Children with sickle cell disease more prone to stroke —Expert

A paediatric radiologist, Dr Dele Kammen, has said that children with sickle cell disease stand a higher risk of developing stroke and hip bone fracture, urging that parents ensure their care is prioritised right from childhood.

Dr Kammen, a paediatric radiology at the University of San Francisco, stated this in a lecture entitled “Sickle Cell Disease Imaging and Current Concepts: Imaging Manifestations and Treatment” at the University College Hospital, Ibadan.

The expert stated that the burden of stroke, a leading cause of death in children with sickle cell disease could be reduced through chronic blood transfusion.

She declared that the incidence of stroke in sickle cell disease is 15 per cent and that this increases between ages six and nine, adding that stroke accounts for 12 per cent of death before age of 20.

The expert, adding that children could also suffer from what is called a silent stroke, said that children with sickle cell disease can be effectively screened using the transcranial doppler to determine those that may be at risk of stroke.

According to her, “In the United States, 20 per cent of the children with sickle cell disease is on chronic blood transfusion. And through chronic blood transfusion, their risk of developing a stroke is reduced from 11 per cent to one per cent.

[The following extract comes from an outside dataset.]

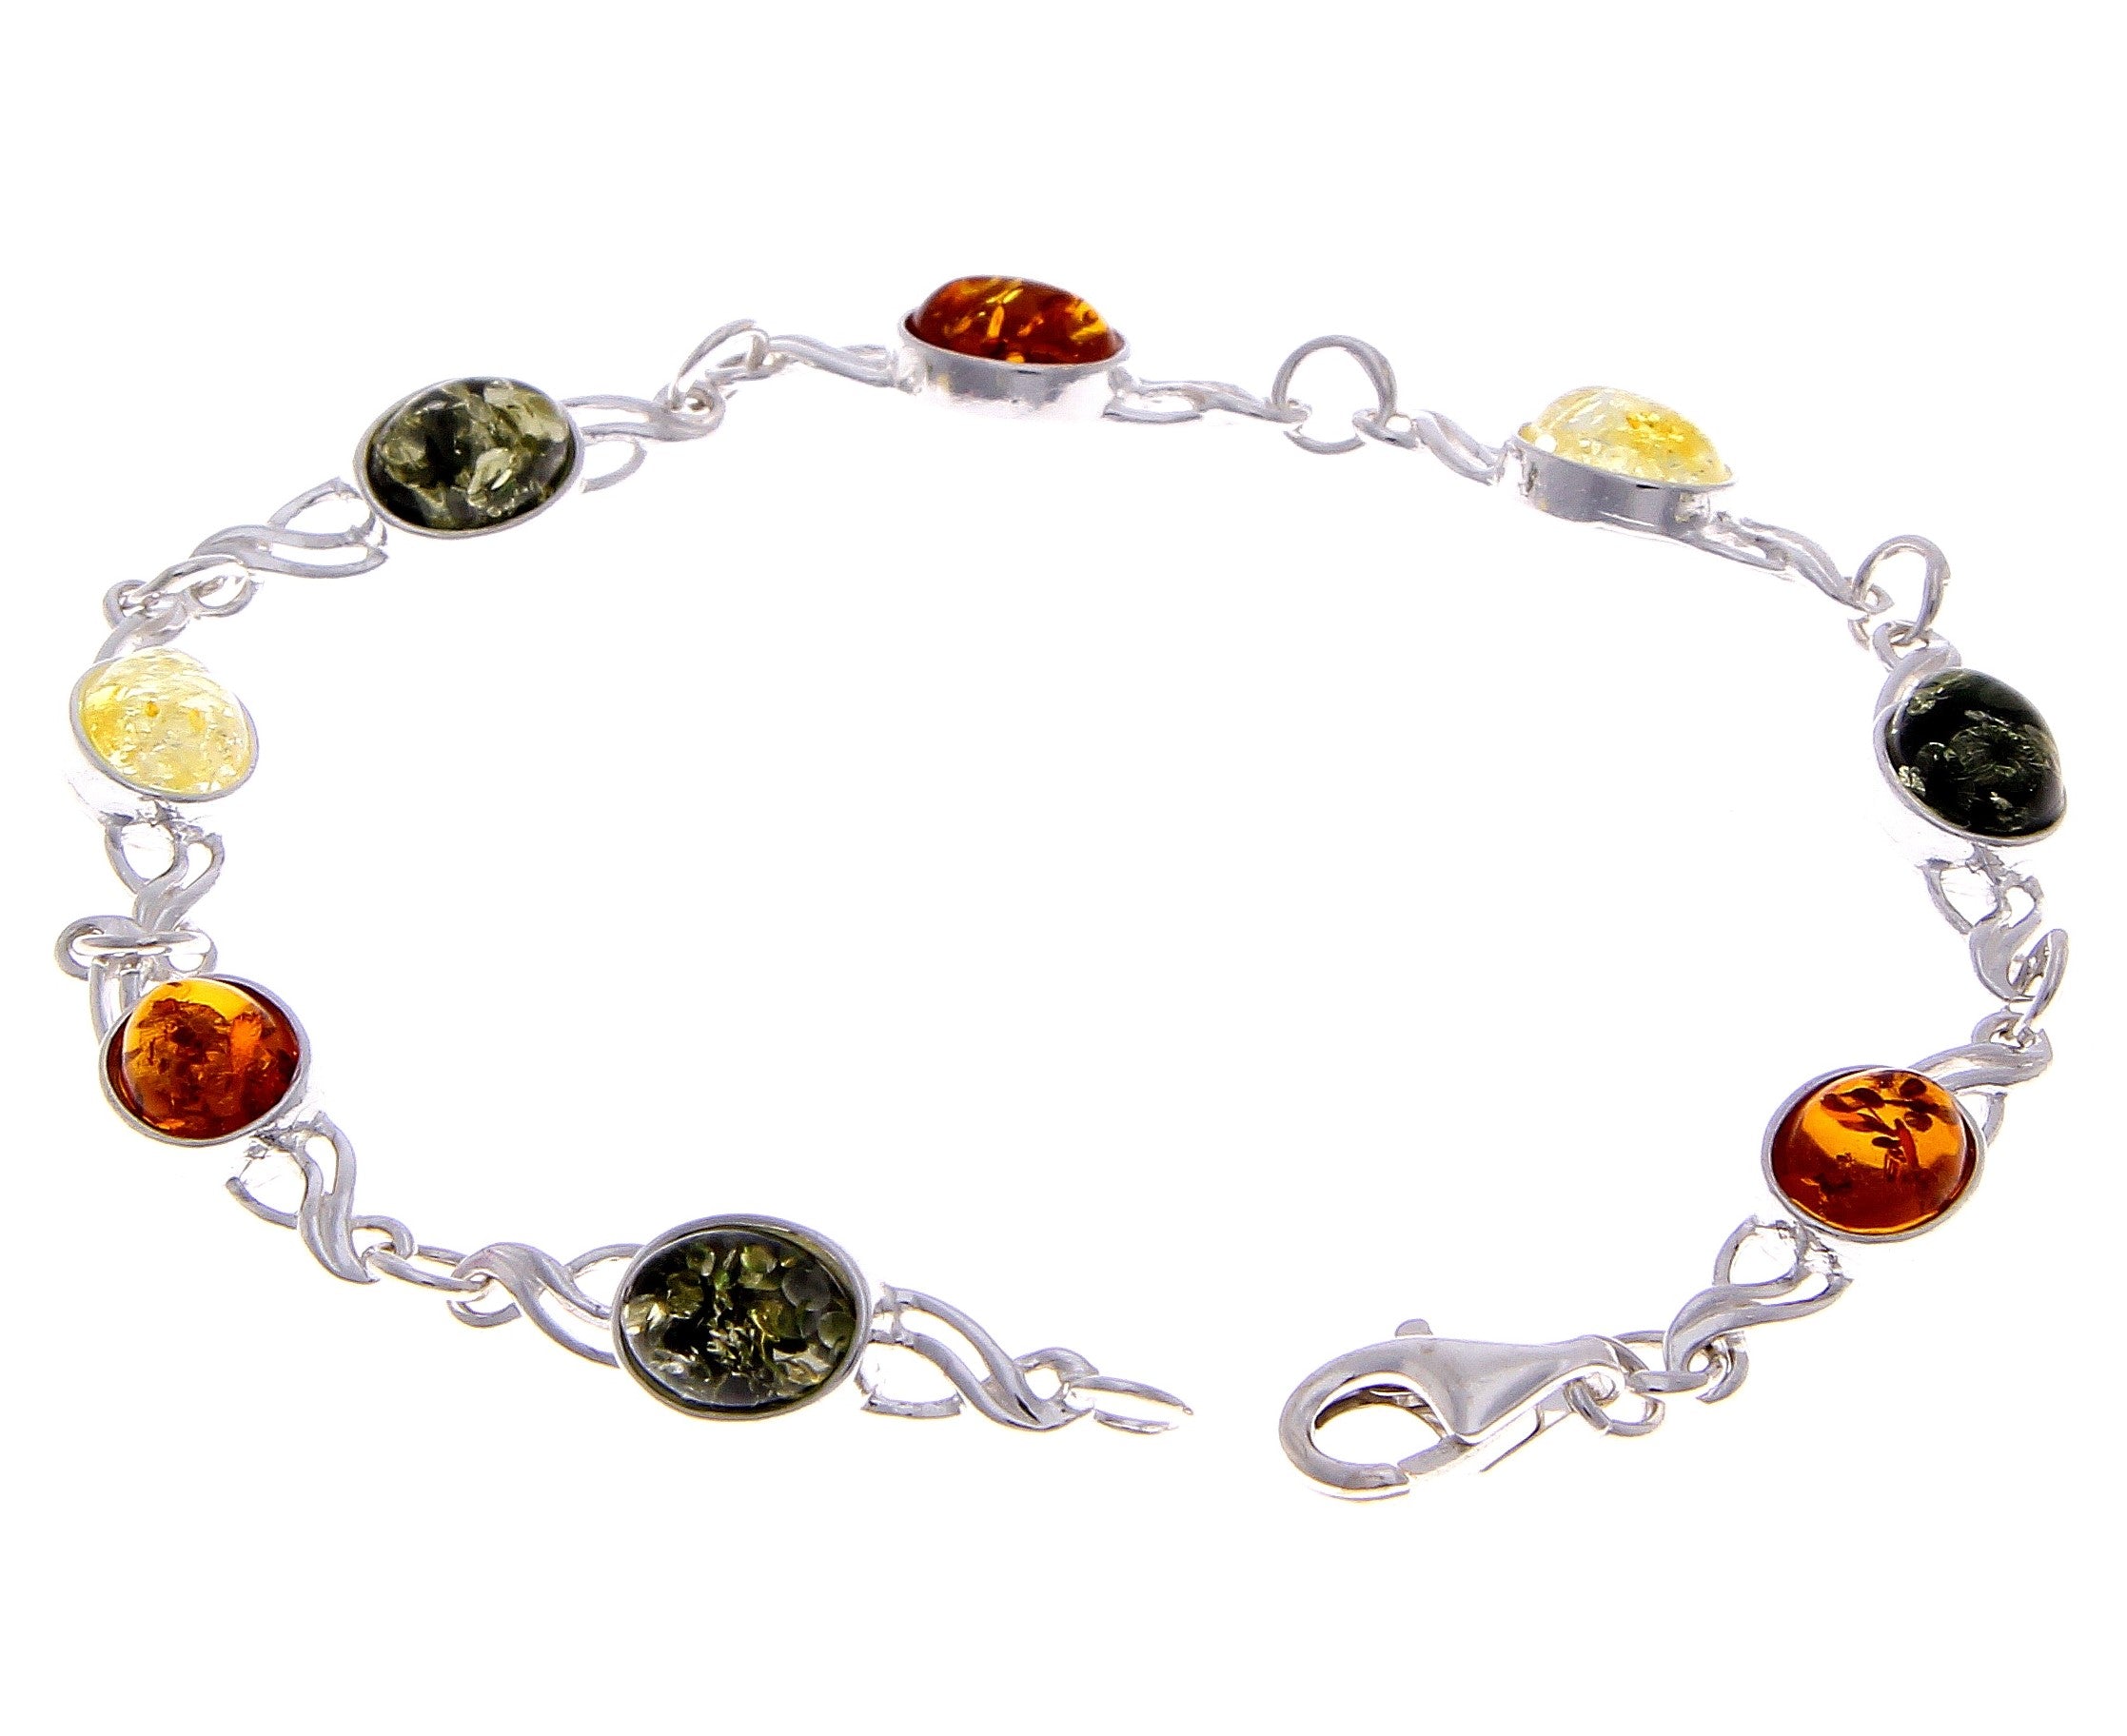 925 Sterling Silver & Genuine Baltic Amber Bracelet Link 21.5 cm  - 3178

She explained that chronic blood transfusion helps to reduce the risk of stroke by improving blood oxygenation and key to treating chronic and acute complications of sickle cell disease.

However, she highlighted challenges of chronic blood transfusion to include high cost, unavailability of blood, transfusion reactions and iron overload.

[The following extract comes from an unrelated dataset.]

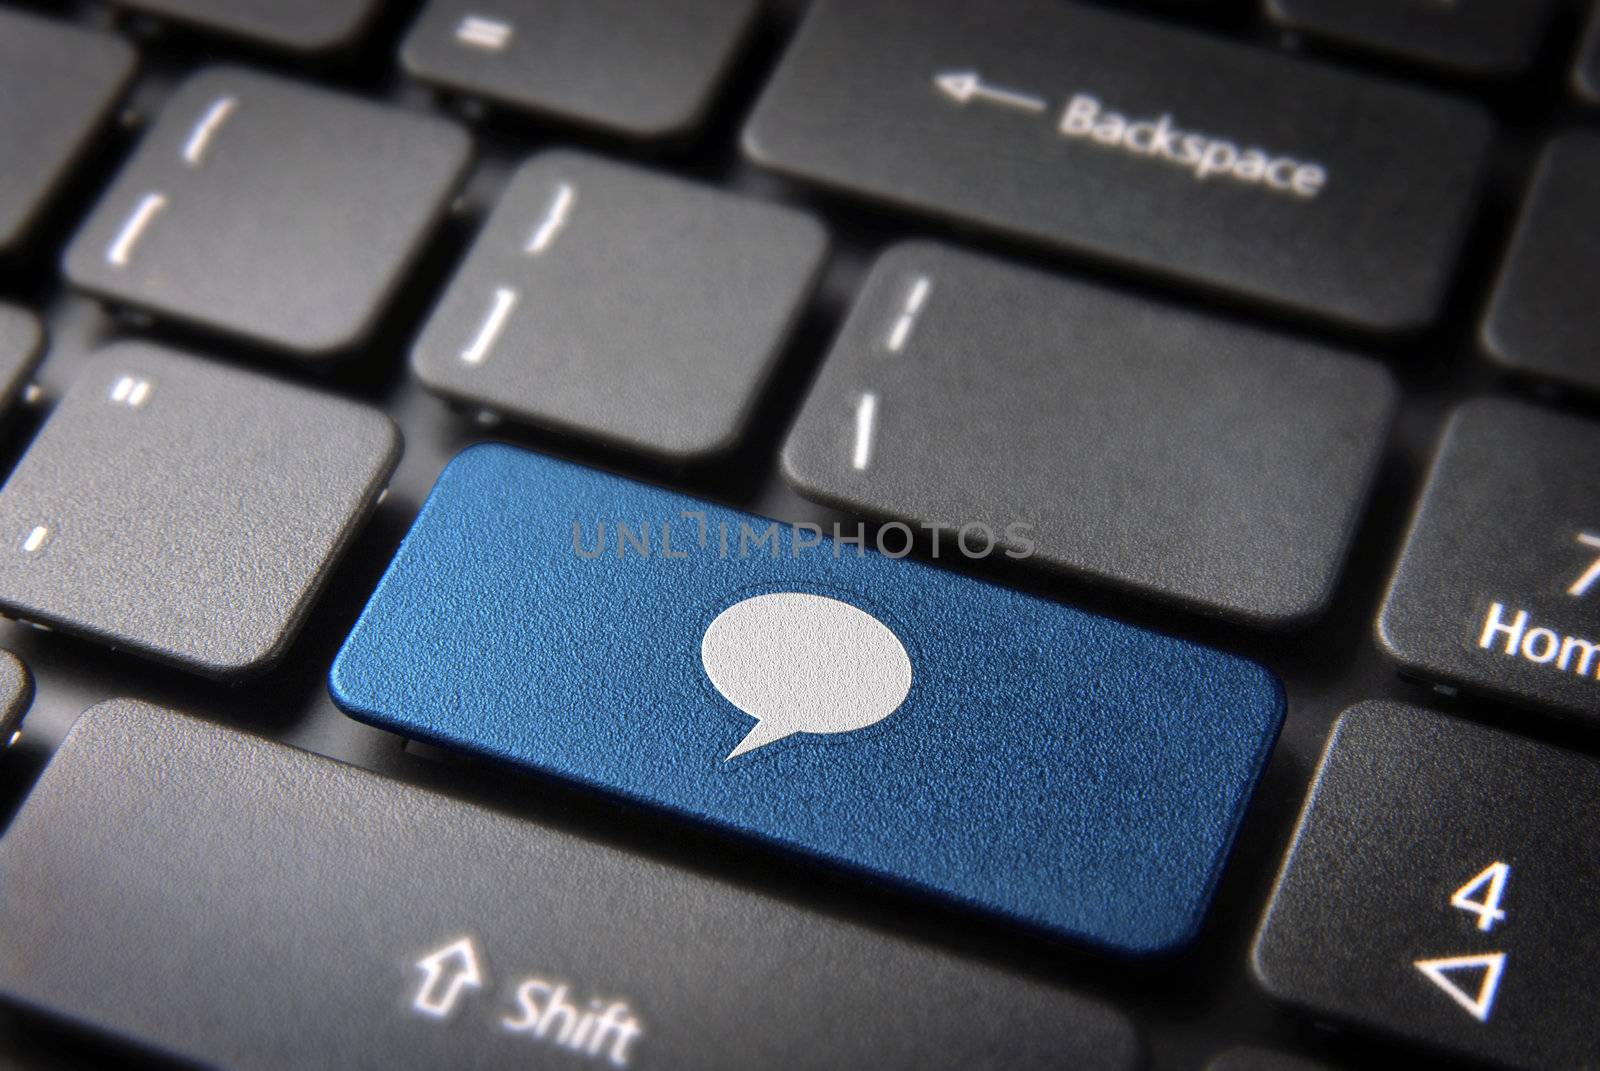 Blue speech bubble keyboard key by cienpies

The expert, however, stated that hydroxyl urea is also an approved drug that sickle cell patients can use to improve their well being and decrease complications of sickle cell disease, including sickle cell crisis.

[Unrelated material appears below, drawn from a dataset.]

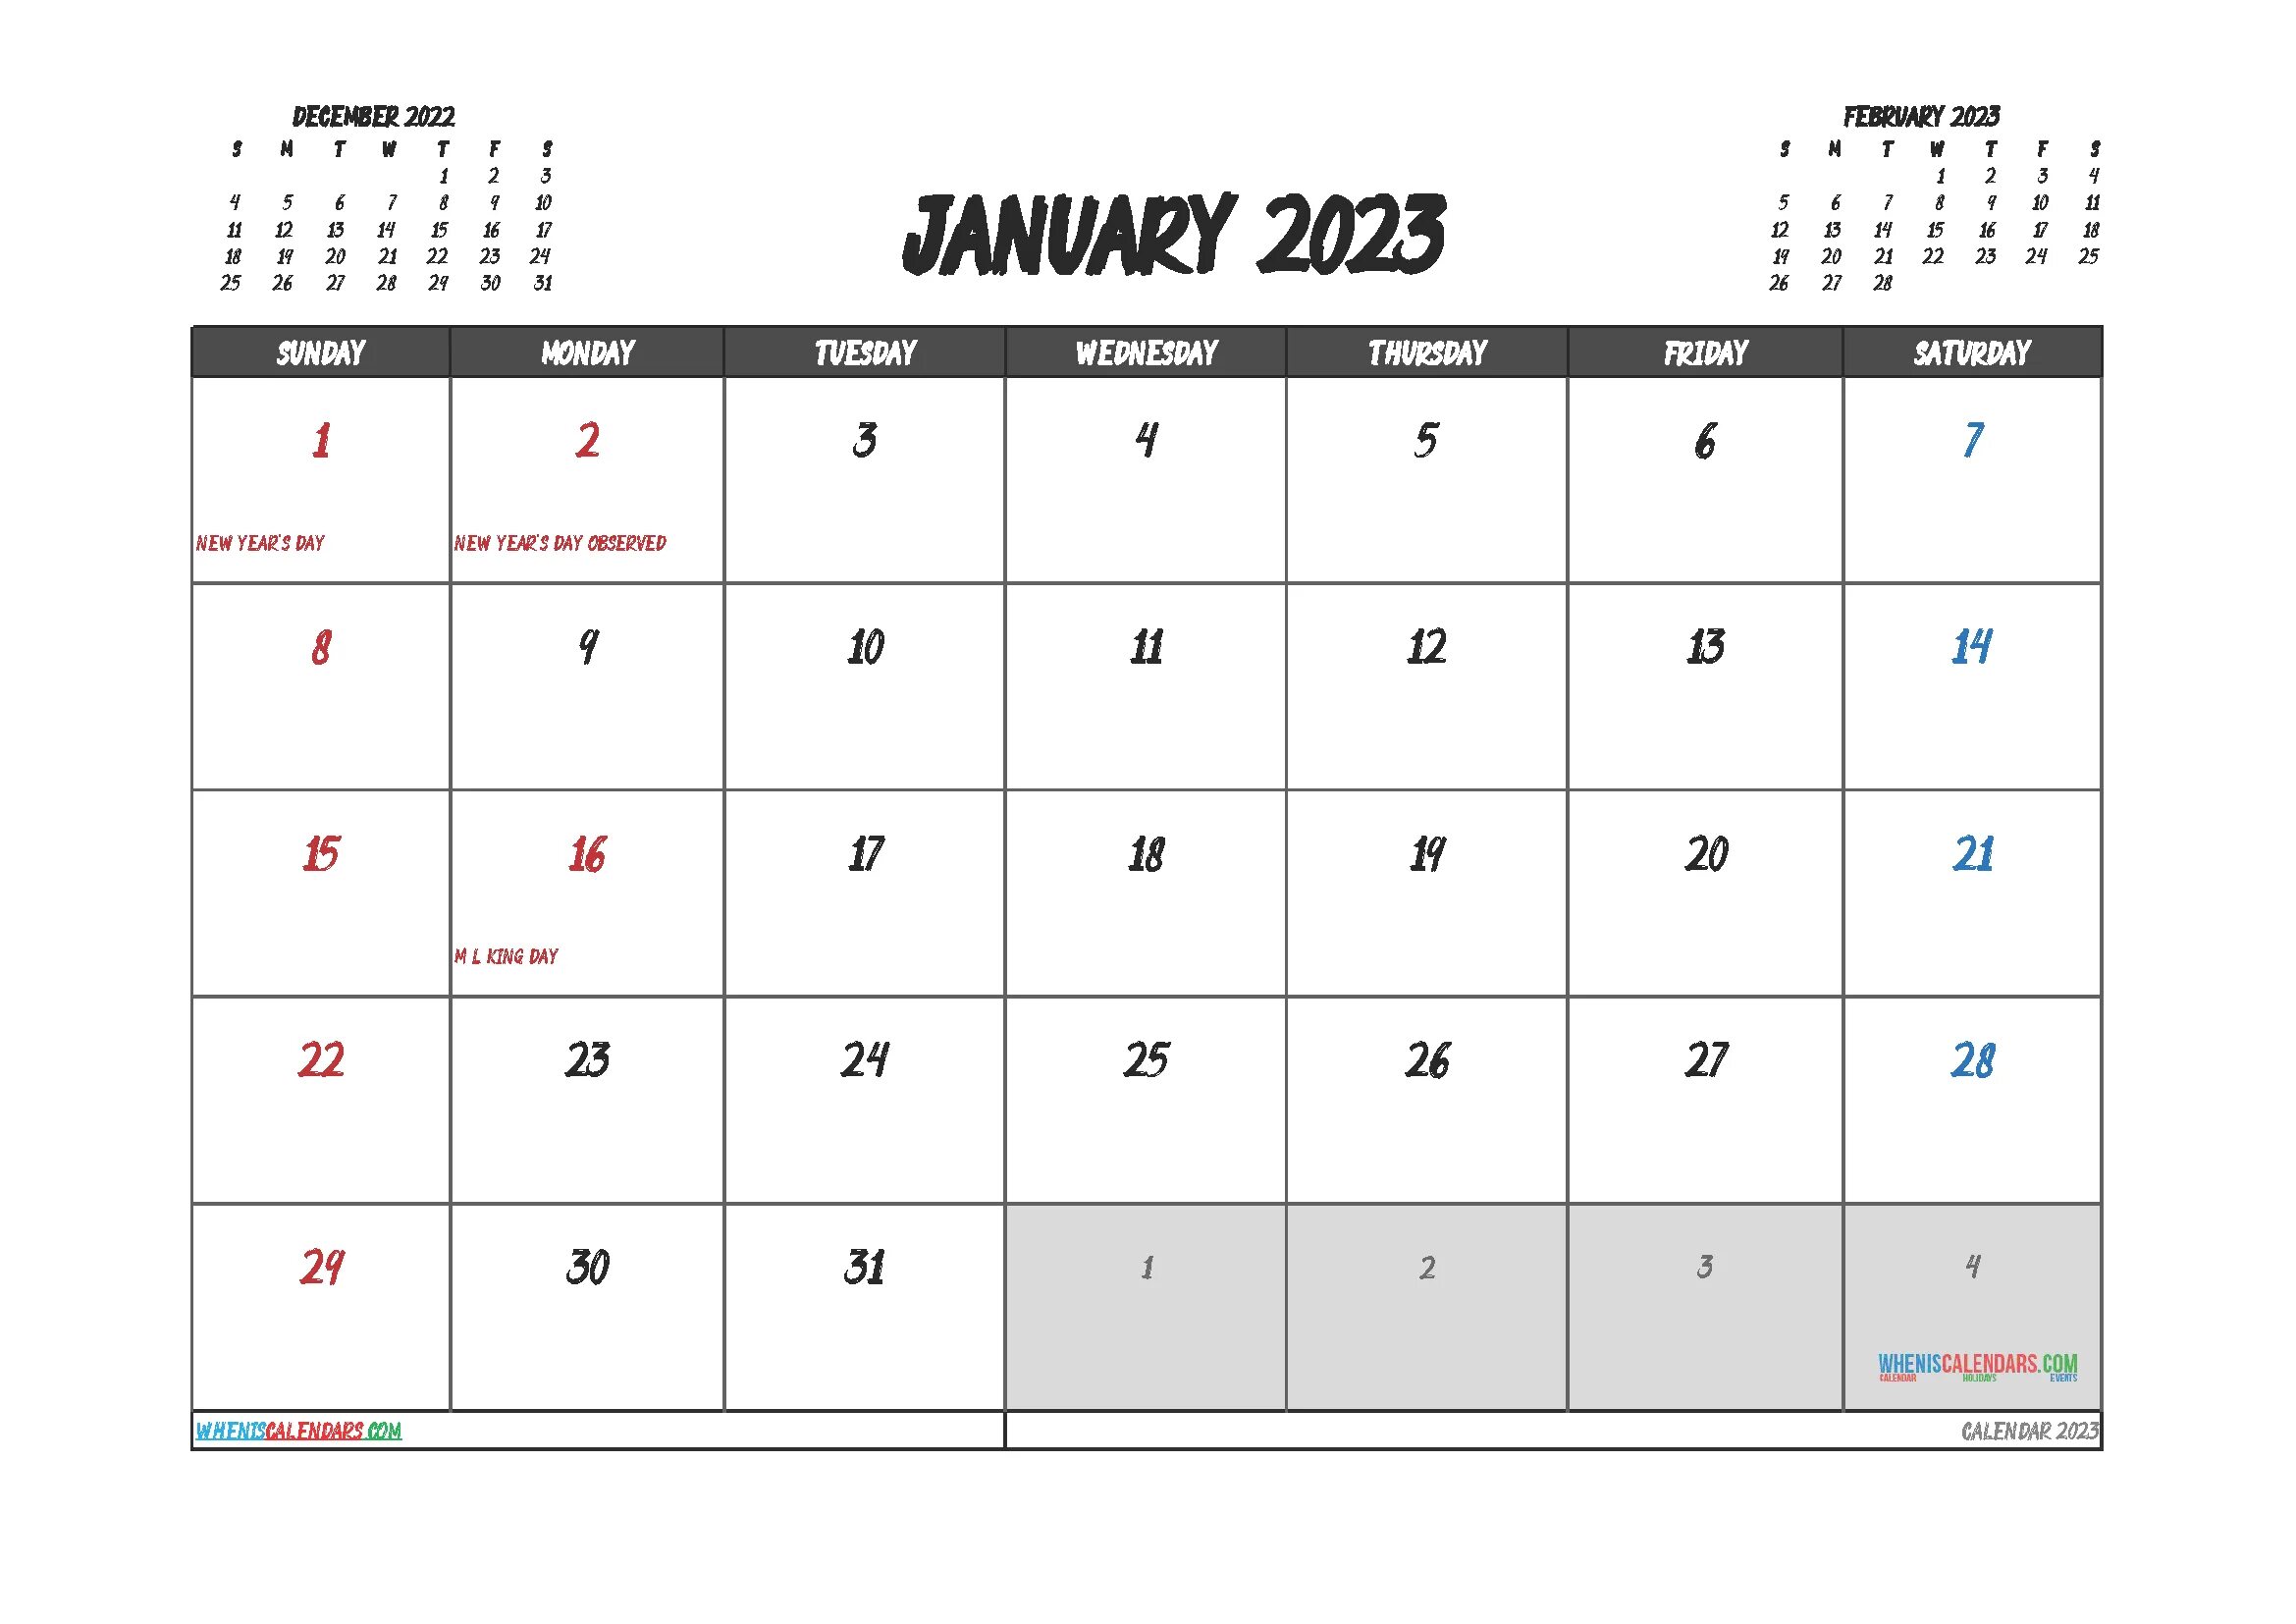 Отработанные часы февраль 2024. Календарь на ноябрь 2023 года. Сетка календаря на 2023 год. Кален 2023. Календарь на декабрь 2023 года.

Dr Kammen added that studies from Ibadan had shown that hydroxyl urea significantly reduces transcranial Doppler levels in children, and as such also a potential treatment for prevention of complications of sickle cell disease like stroke.

The expert, however, warned that use of hydroxyl urea need to be monitored effectively given that it can lead to suppression of the bone marrow and abnormal liver function test.

On hip bone collapse, she stated that persons with sickle cell need vigorous physical therapy to help to delay hip bone collapse, which can only be repaired by hip bone replacement.

Professor Ikeoluwa Lagunju, head, Department of Paediatrics, University College Hospital, said UCH has been offering trans cranial Doppler tests in the last eight years, adding that “in a cohort of patients been studied, and using hydroxyl urea,  we have only had one case of stroke.”